- Group sales up 7.9%, LFLs up 7.9%
- Cycling LFL sales up 21.4%
- Guidance unchanged
With its public image brightened by a close association with the enormously successful recent launch of the Tour de France, Halfords sprinted past the peloton of first-quarter expectations with strong retail like-for-likes sales (LFLs).
However, investors seemed somewhat disappointed as the breakneck pace of growth seen in the last quarter of the previous financial year (Q4) was not maintained, even though consensus forecasts and earlier quarters were roundly beaten.
However, while group sales growth of 7.9% was slower than Q4 of last year it was well ahead of Q3, while Halfords Retail grew LFLs 7.9%, miles ahead of the consensus of 5.7%. Online Retail sales grew by 13.1% and even its troublesome Autocentres arm grew LFLs 4.3%, ahead of the 3% consensus.
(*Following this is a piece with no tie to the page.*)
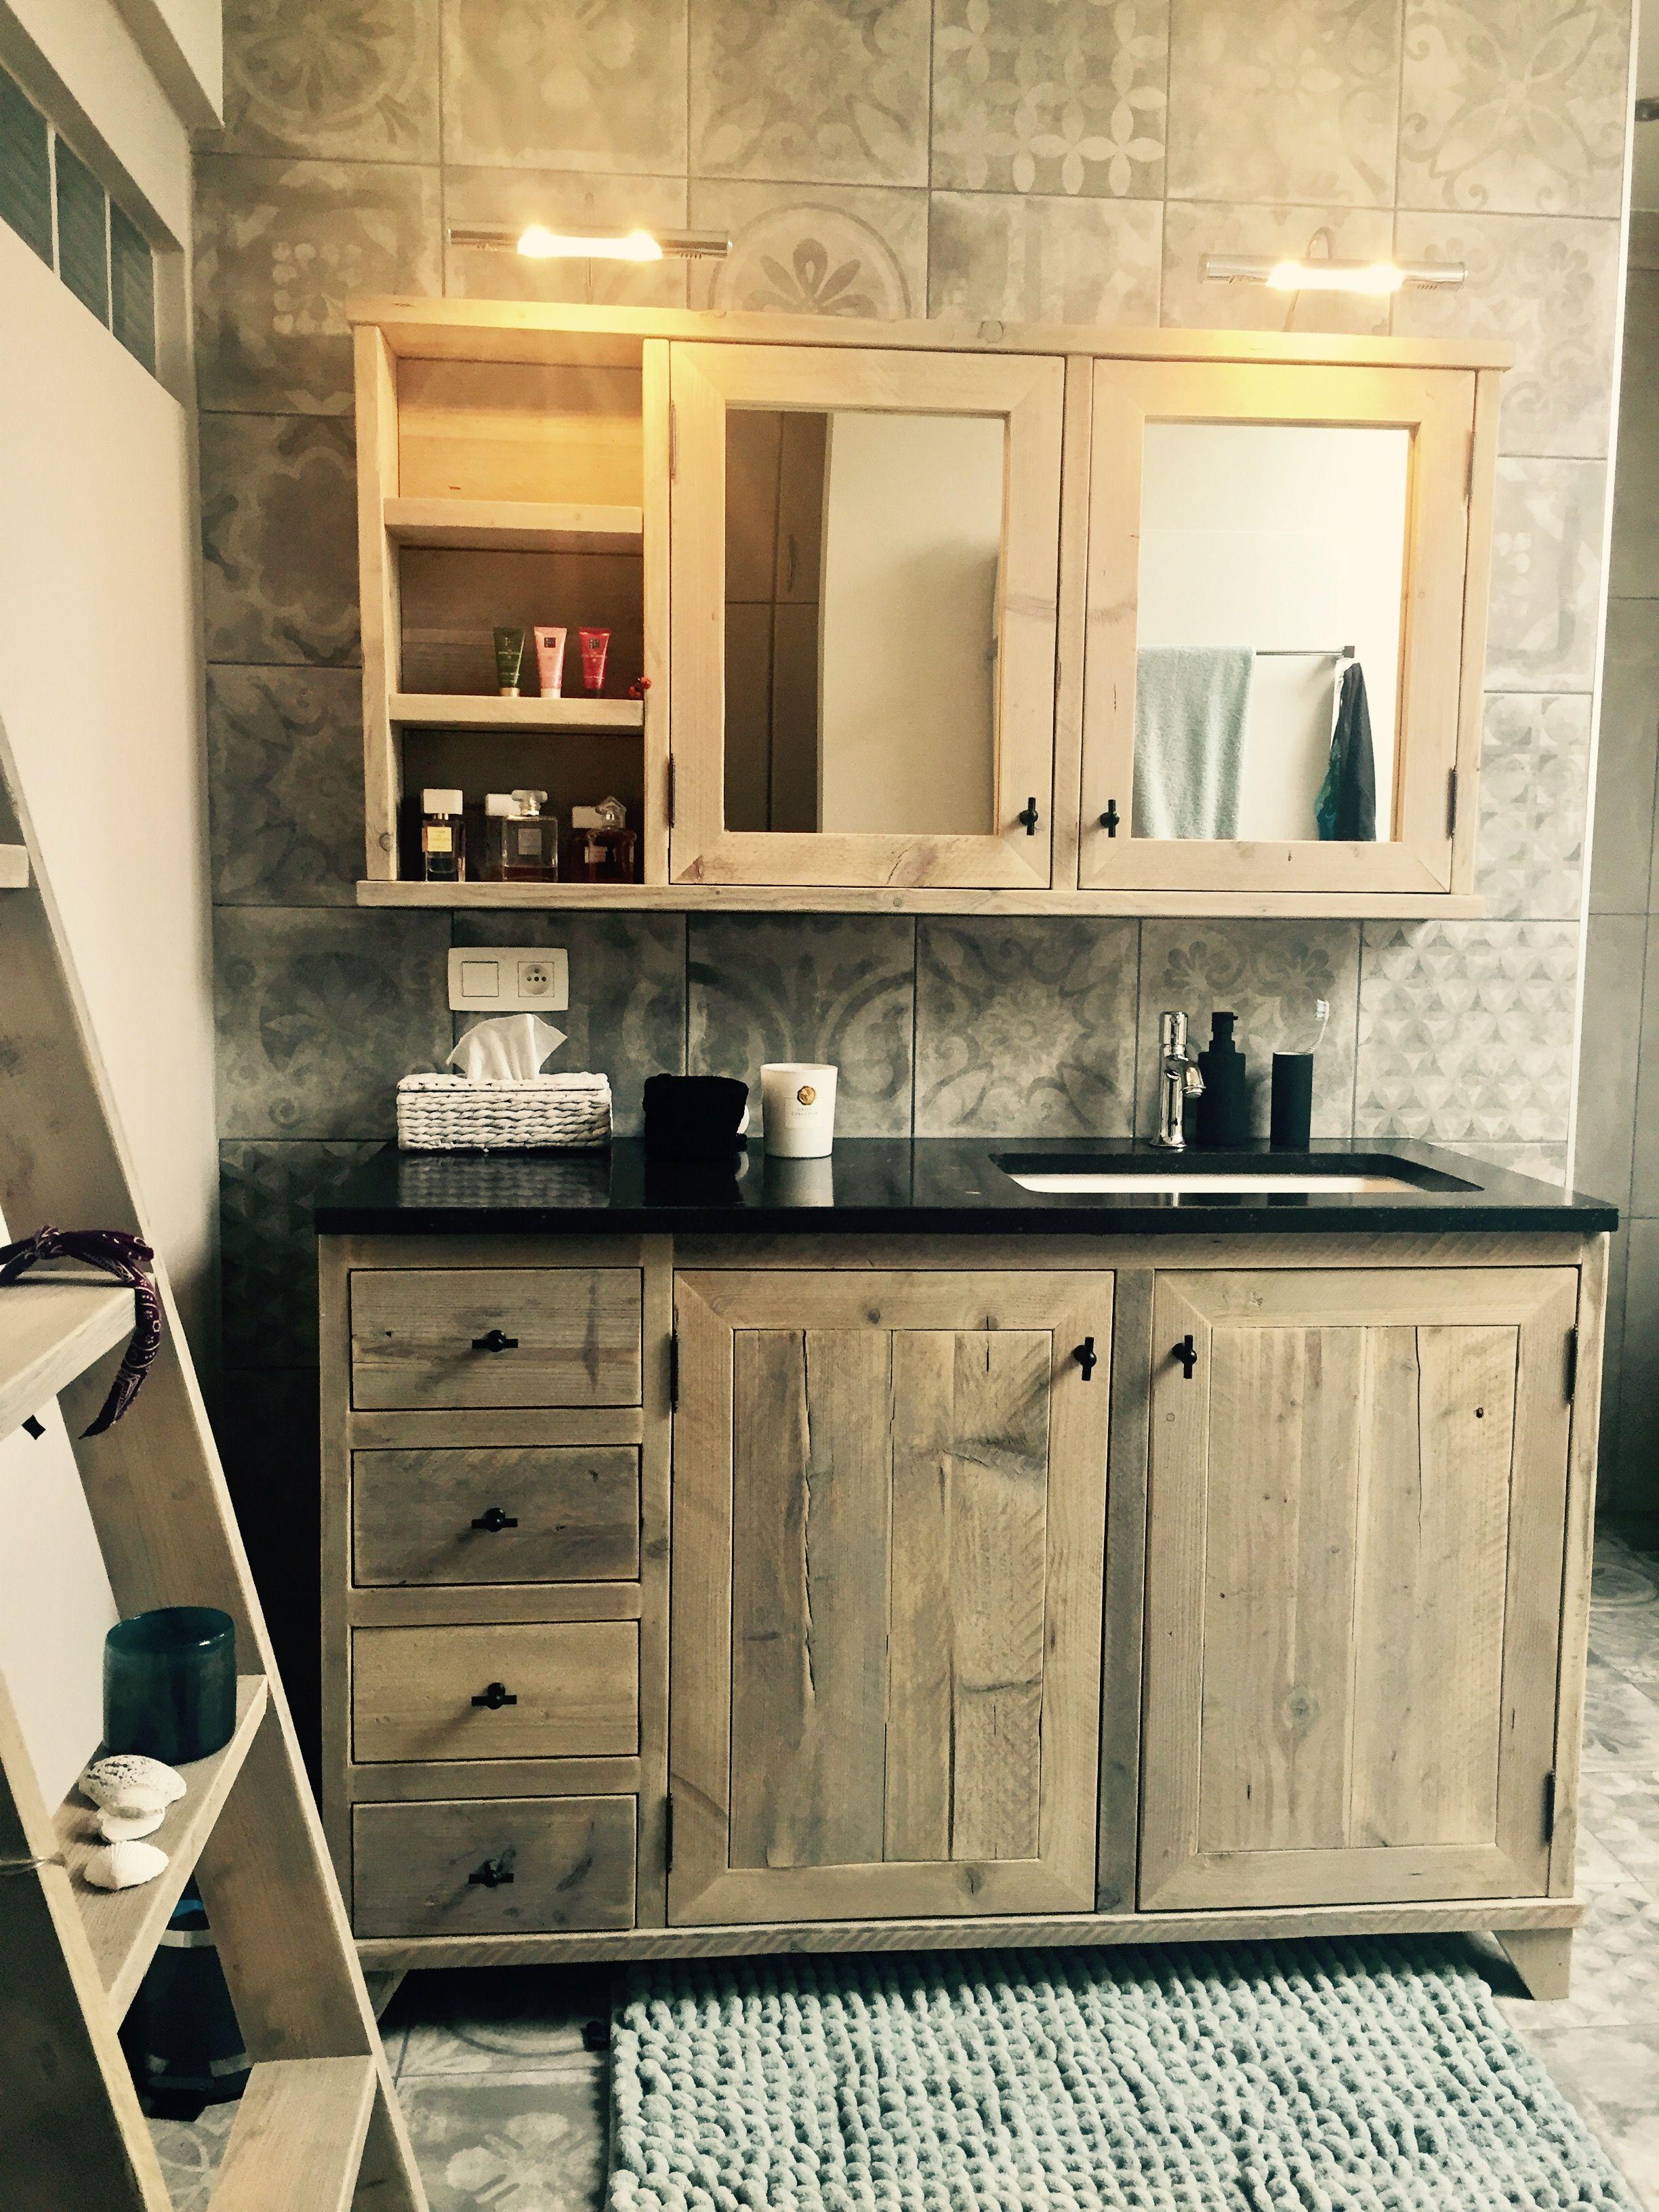 Barn wood vanity Badkamermeubel steigerhout Own creation ❤

Cycling sales, the recent engine of growth, rose by 21.4% on a LFL basis, which was down from the 41% seen in Q4 but ahead of the 19% in Q3 and 13% from Q2.
Chief Executive Matt Davies said: "Halfords continued to drive top-line growth in the quarter, with the Cycling category delivering another exceptional performance. Our actions resulted in growth across all elements of Cycling reflecting our continued focus in the category, enhanced by favourable weather and increased interest in the Tour de France."
He pointed to his Getting Into Gear strategy continuing to progress within Retail, while satisfactory sales were driven in Car Maintenance against challenging comparatives and significant levels of clearance in Car Enhancement in the prior year comparative were negated by continued success in Car Cleaning.
"The acquisition of Boardman Bikes and the launch of Car Parts Direct had a negligible effect on the sales performance but are illustrations of our intent to grow our authority in Cycling and Auto," he said, adding that guidance for the full year remained unchanged.
Broker Oriel called it a "stellar" update and added 2% to its forecasts.
Analysts at Singer N+1 said: "The last two quarters indicate the plan is being well executed and progressing quicker than widely anticipated.
"The route map for the turnaround remains transparent and our analysis of potential share gains in core categories comfortably supports management's £1bn full year 2016 sales target, whilst the economic benefits of success should deliver earnings before interest, tax, depreciation and amortisation well in advance of management's cautious initial guidance and possibly towards 15%."
Shares in the company were down 1.50% to 484.5p at 09:05 on Thursday.